What could be broken? I may not be looking in the right places, but there doesn't seem to be any smoking gun in the logs.
A few things:
root@hambarihost> amabri-server restartAnd:
root@ambariagenthost> ambari-agent restart
Start option graying in my experience has been because when the components register with Ambari the reverse lookup from ambari wasn't successful for the host. Not sure why things would change after installing ranger, but can you check if you could still successfully do a name resolution and reverse name resolution on your hosts?
Tail the /var/log/ambari-agent/amabri-agent.log and see if you could find anything under WARNING or ERROR. Note that sometimes a 'smoking gun' event can be displayed as an INFO. You're also looking for python errors, this will usually have a "Traceback" line. Post the log here and I could take a more indepth look.
I restarted the server and all agents (clustershell to the rescue). Made no difference whatsoever. I see no Python tracebacks or any other obvious errors in the server log or the couple of agent logs I spotchecked (on machines reporting client restart as required). There are no apparent DNS or reverse DNS issues on the hosts I spotchecked. If this were happening I'd expect to see a lot more issues!

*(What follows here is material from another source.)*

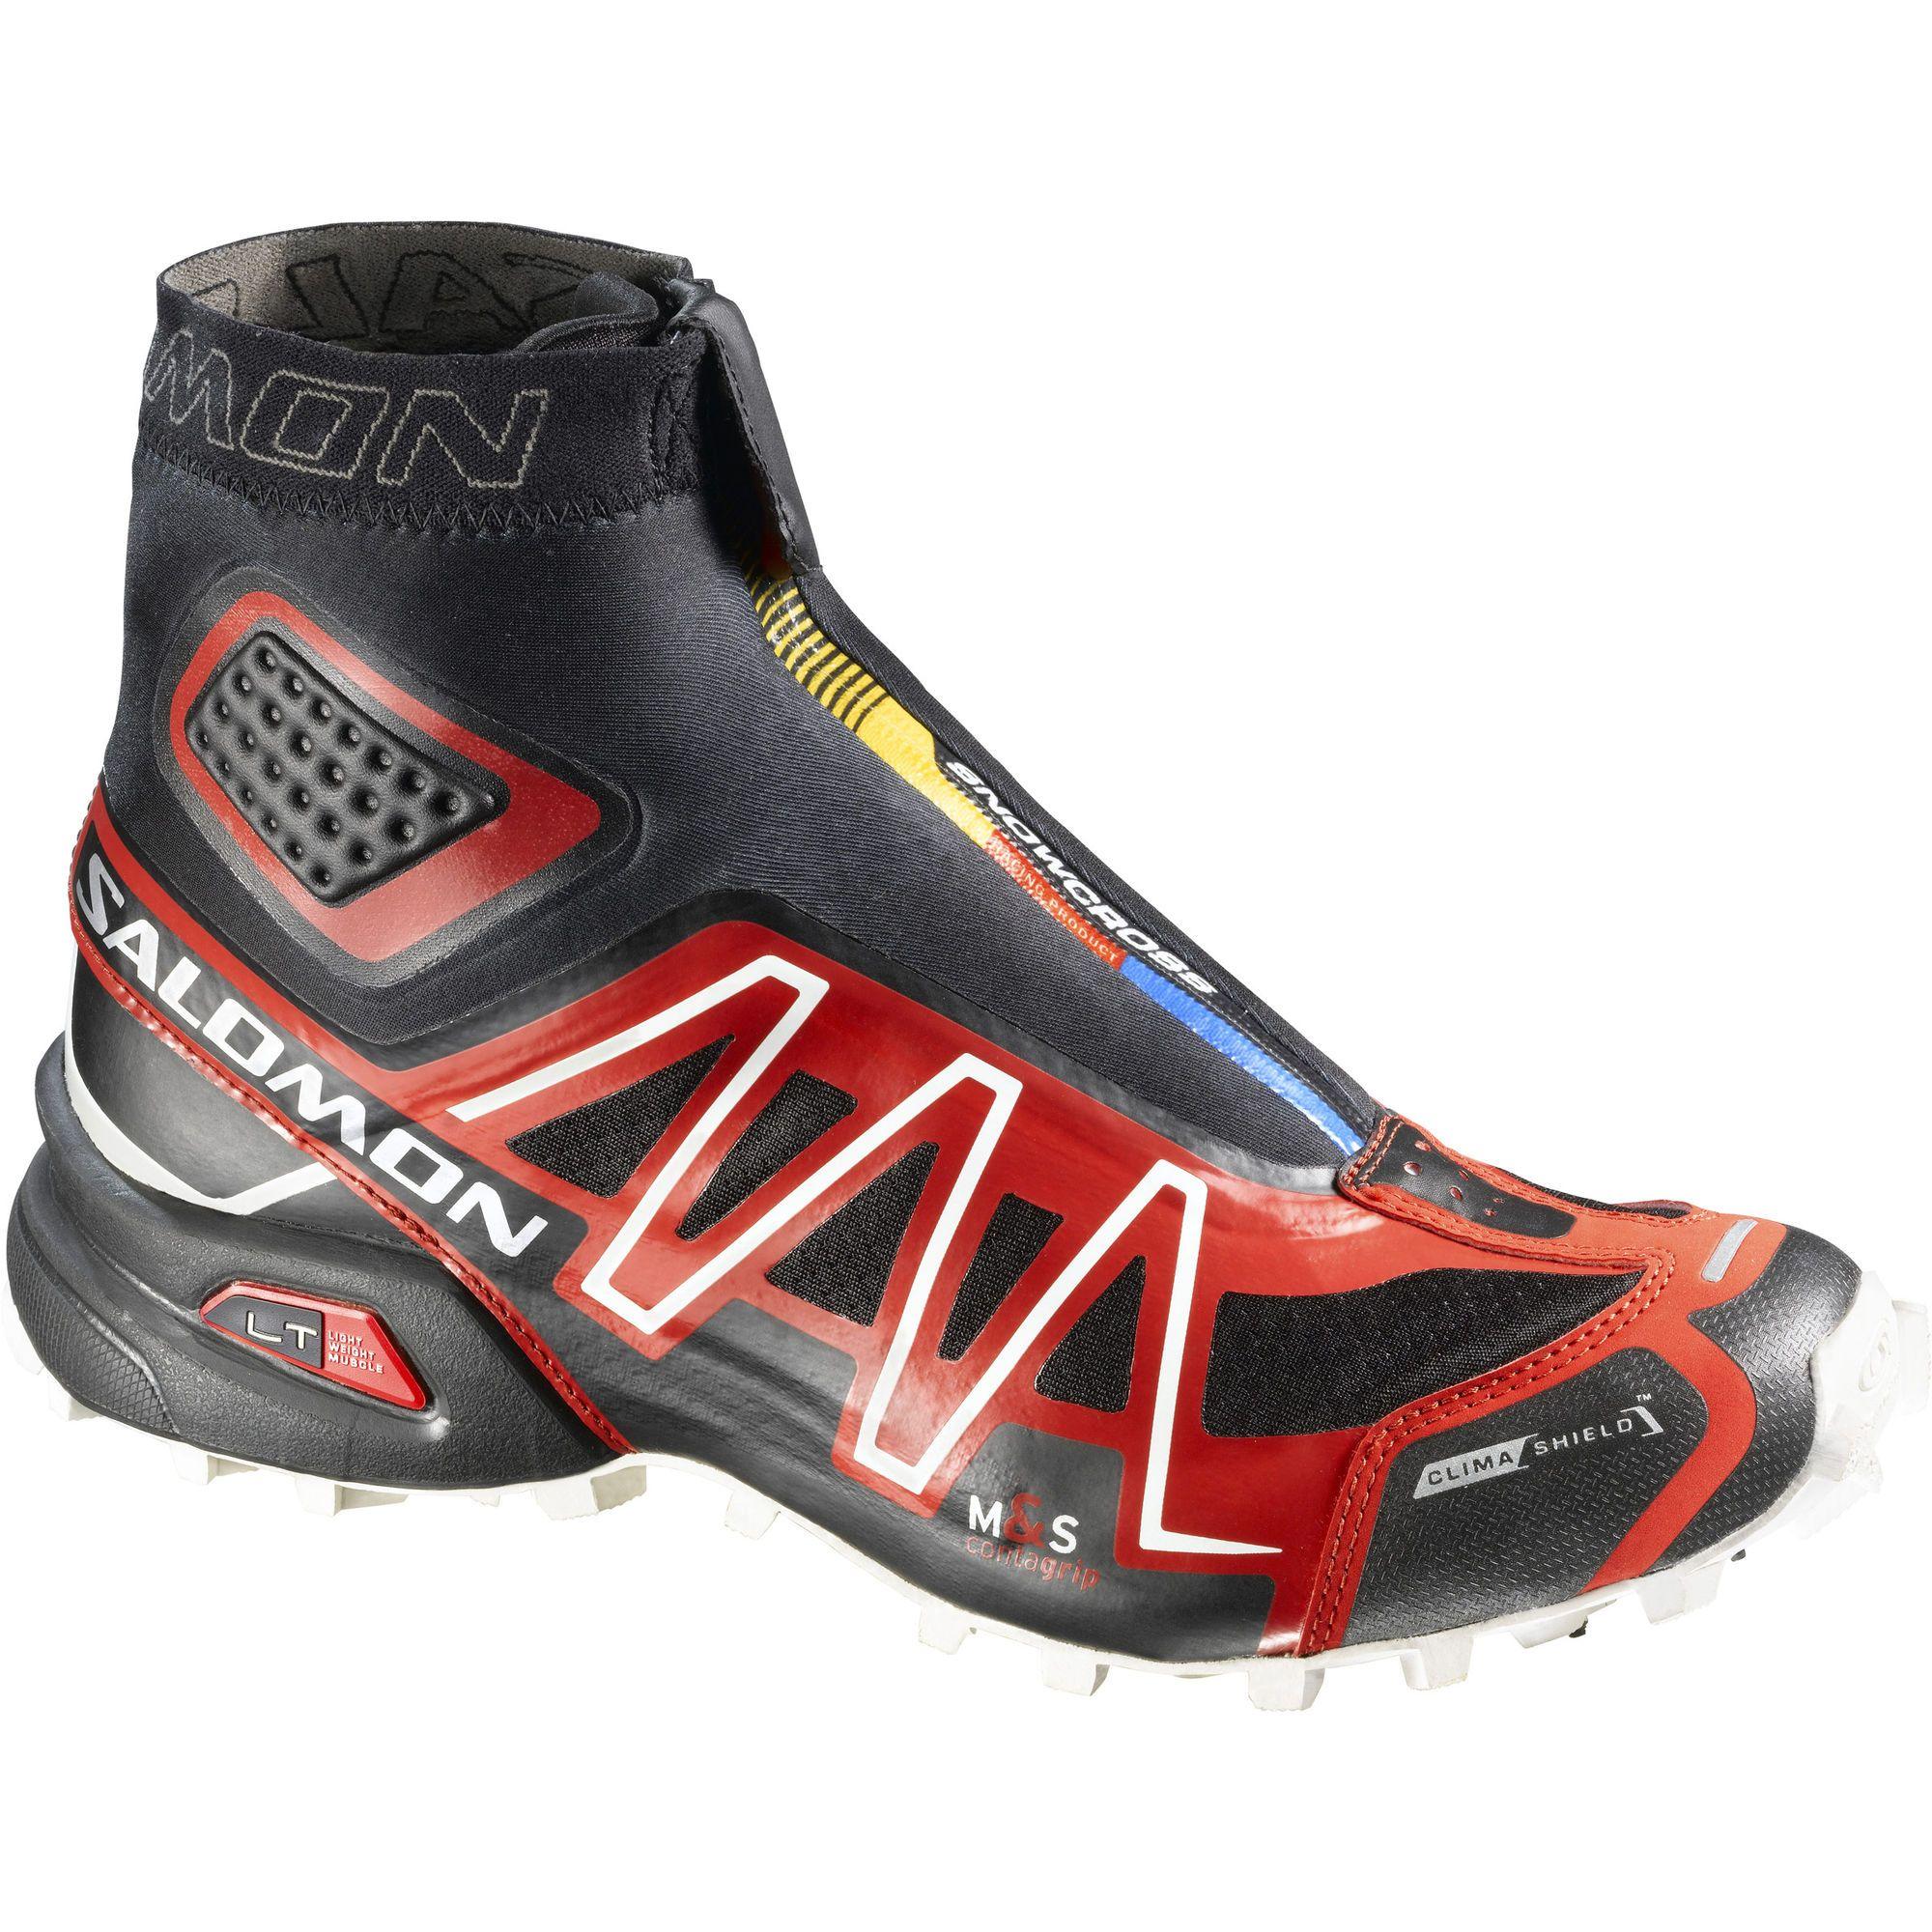 salomon snowcross cs aw13 | sneakers | Winter running shoes

What is Ambari looking at to determine that a client needs a restart? And, further, why would a client ever need a restart?
In the case where a service (e.g. Oozie) is reporting 7 clients as needing a restart, the orange 'Restart' --> 'Restart all affected' pulldown does absolutely nothing. No operations are ever queued. A similar request for Mapreduce2 (also showing seven clients as stale) does create an operation, but it disappears after a few seconds with no change in the restart status.
I have restarted the affected services so many times my fingers are numb :-). It's quite painful to cycle them now that the restart button fails to work correctly. Most of the time, the Service Action restart request is ignored and I have to go to each individual machine and cycle components at that level. With 32 hosts this gets old quickly.
I have tried refreshing configs many times. I'm not sure that it's actually doing anything, since no operation is ever queued.
In summary: There appears to be major breakage in the start/stop/restart scheme.
Ideally Ranger installation shouldn't cause issues you described! What is the Ambari Version? What is Ambari DB version? I hope you also tried out another browser / system for these operations. We could clear up the pending requests - but its risky now since its not clear if Ranger is correctly installed. Is Ranger console working good?
PS: may be you should pursue this issue with Hortonworks Technical Support.
How would I determine the Ambari DB version?
I will try from a different browser, that's a good thought although the browser on the master node had never previously caused problems.
Ranger is working perfectly aside from persistent issues with HBase master audit logging for user actions, but that's cosmetic at this point. Access controls are working fine.
Would appreciate knowing how to forcibly clear the notifications.
If I can convince my organization to purchase a service agreement, I'll certainly take this up with Hortonworks support.